In 1863, he used etching with acid to study the microscopic structure of iron and steel. Using this technique, he was the first in England to understand that a small but precise quantity of carbon gave steel its strength. This paved the way for Henry Bessemer and Robert Forester Mushet to develop the method for mass-producing steel. Due to this accomplishment, Sorby is known to modern metallurgists as the "father of metallography", with an award bearing his name being offered by the International Metallographic Society for lifetime achievement.

His interests were broad. He published essays on the construction and use of the micro-spectroscope in the study of animal and vegetable colouring matter and on the temperature of the water in estuaries. He also applied his skill in making preparations of invertebrate animals for lantern slides.

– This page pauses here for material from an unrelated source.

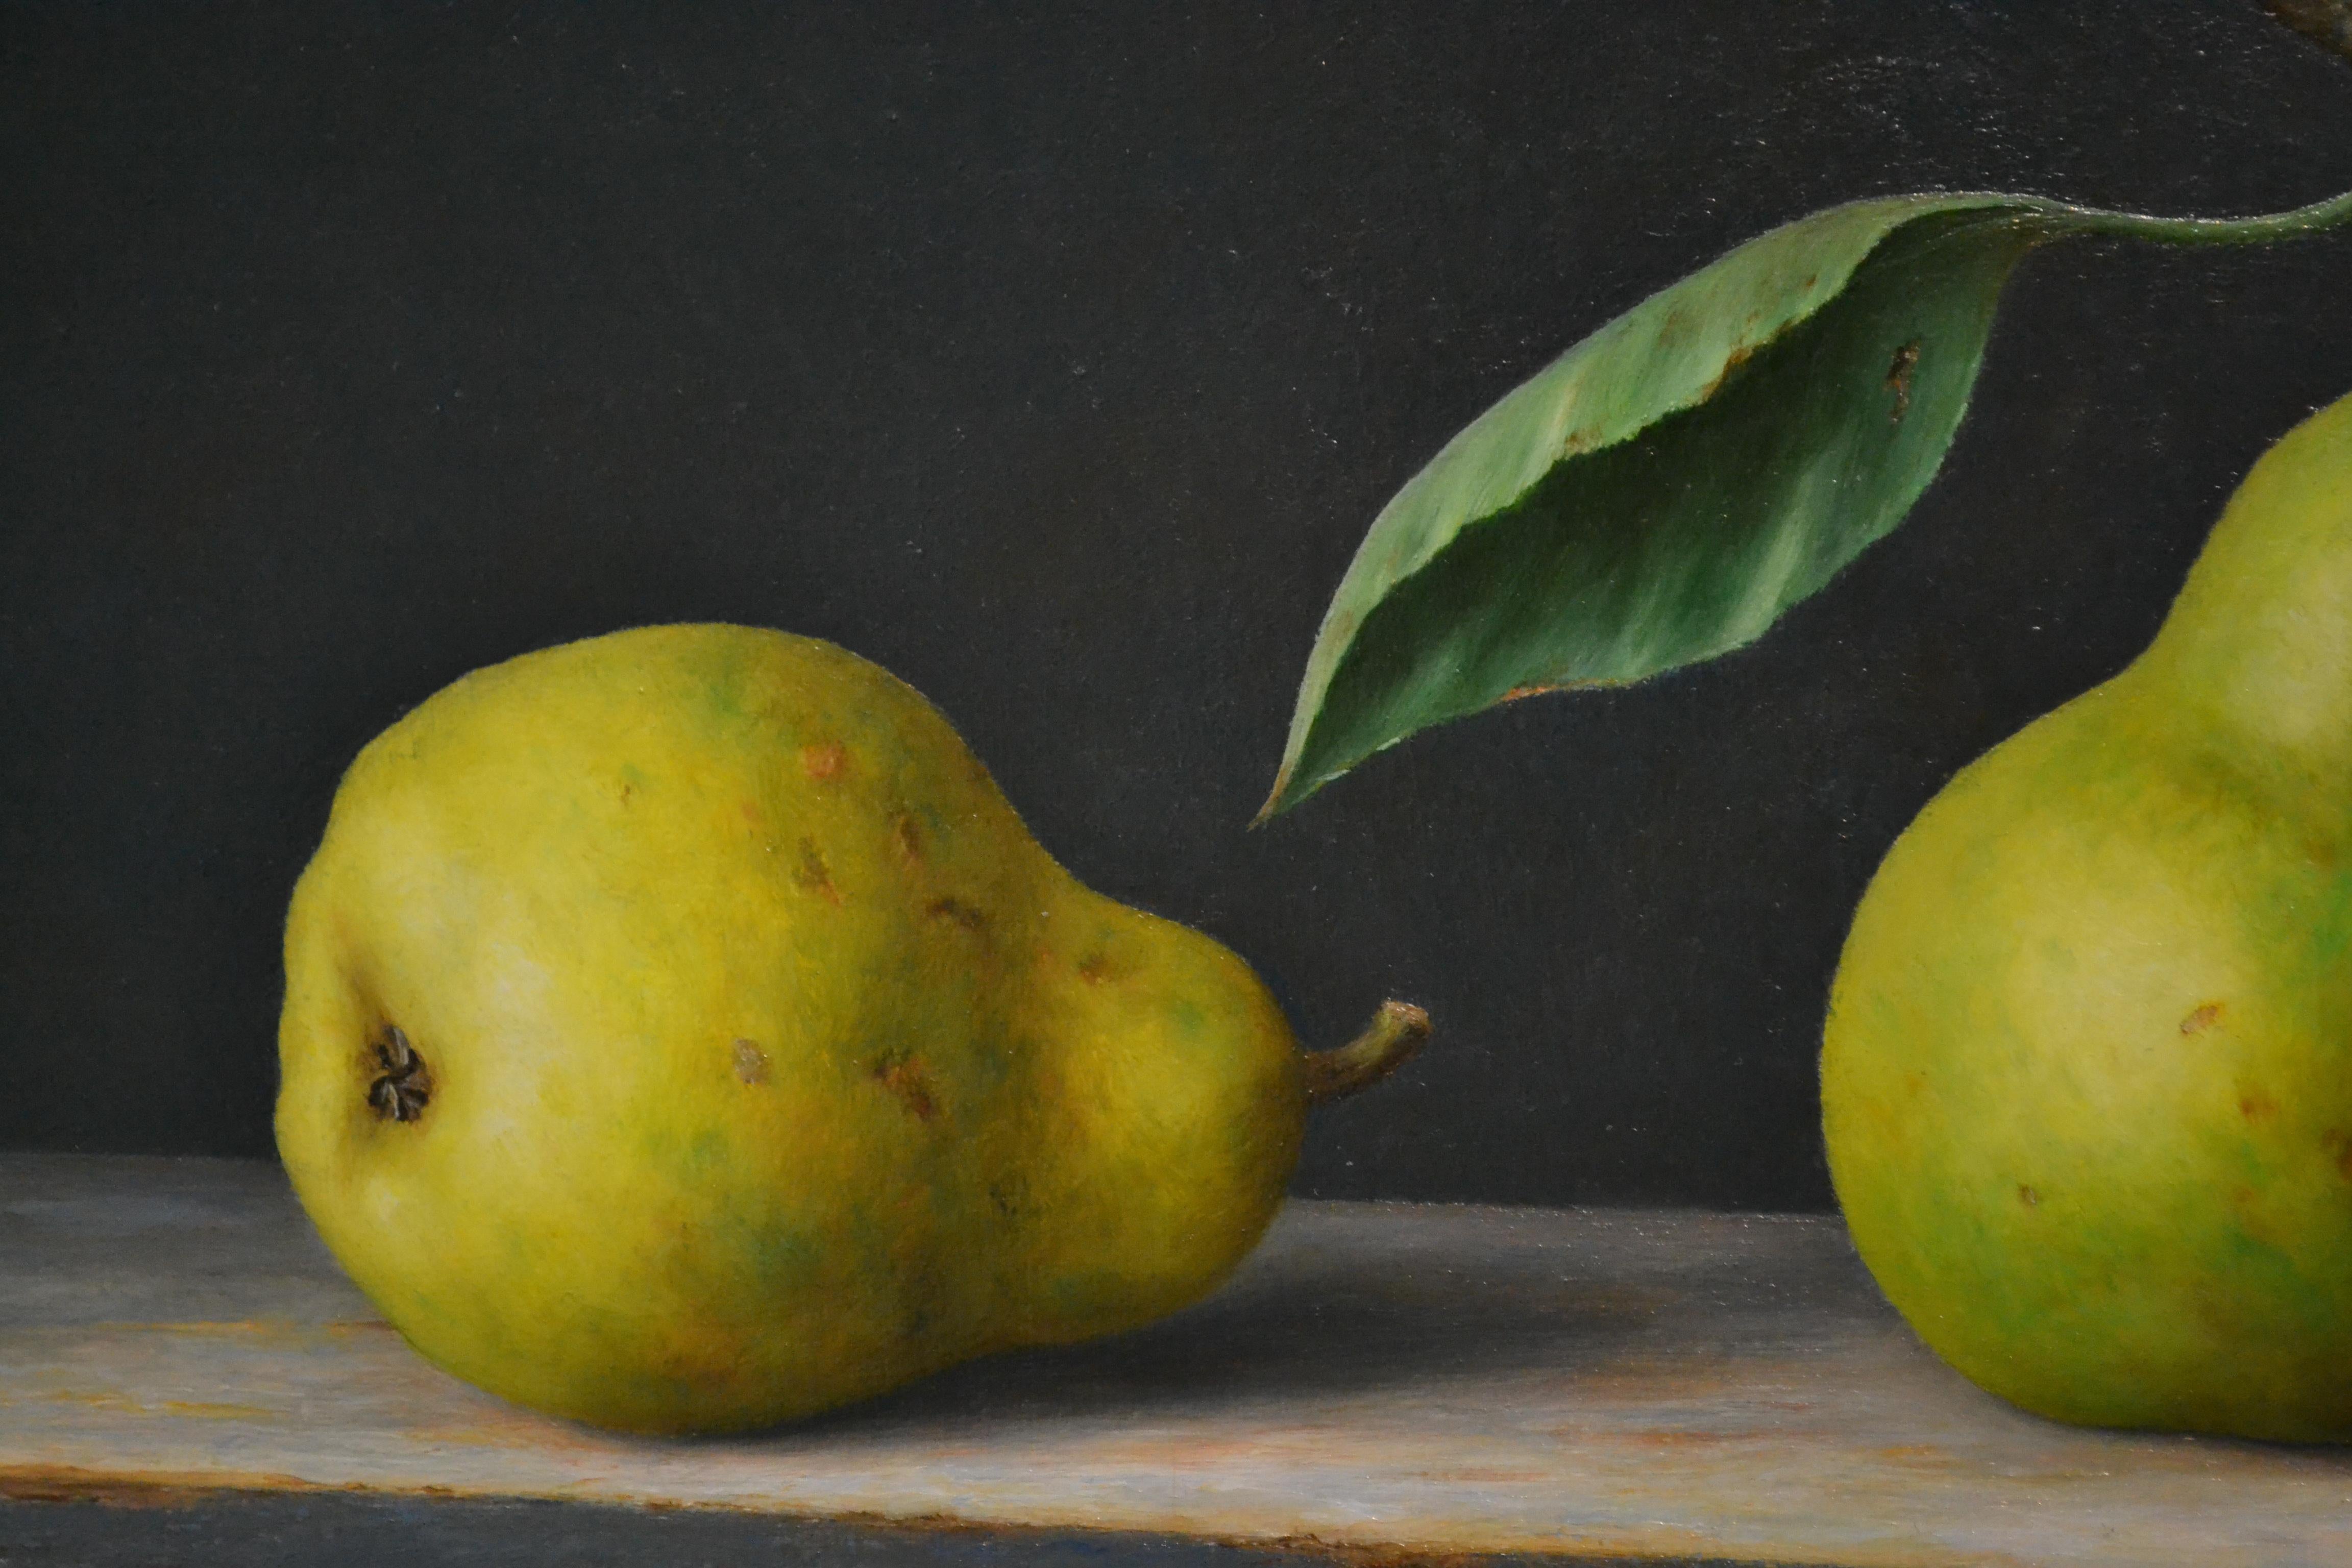 Pears - Annelies Jonkhart, 21st Century Contemporary Oil Painting with fruit 2

Furthermore, he once estimated "one cubic thousandth of an inch of water to contain 3.7x10^15 molecules."

He was president of the Royal Microscopical Society. In 1882, he was elected president of Firth College, Sheffield after the death of founder Mark Firth. Sorby also worked hard for the establishment of the University of Sheffield, which was eventually founded in 1905. A university hall of residence, Sorby Hall, built in the 1960s and demolished in August 2006, was named after him.

He died in Sheffield and was buried in Ecclesall churchyard.

Honours and awards

He was elected a Fellow of the Royal Society in June 1857 as one who was Author of various papers on Slaty Cleavage; on the peculiarities of stratification due to the action of currents & their application to the investigation of the Physical Geography of ancient periods; on the microscopical structure of limestones and other peculiarities of the physical & chemical constitution of rocks. Distinguished for his acquaintance with the science of Geology.. He delivered their Bakerian Lecture in 1863 for his work on the Direct Correlation of mechanical and Chemical Forces and was awarded their Royal Medal in 1874. In 1892, Sorby was elected a Foreign Honorary Member of the American Academy of Arts and Sciences.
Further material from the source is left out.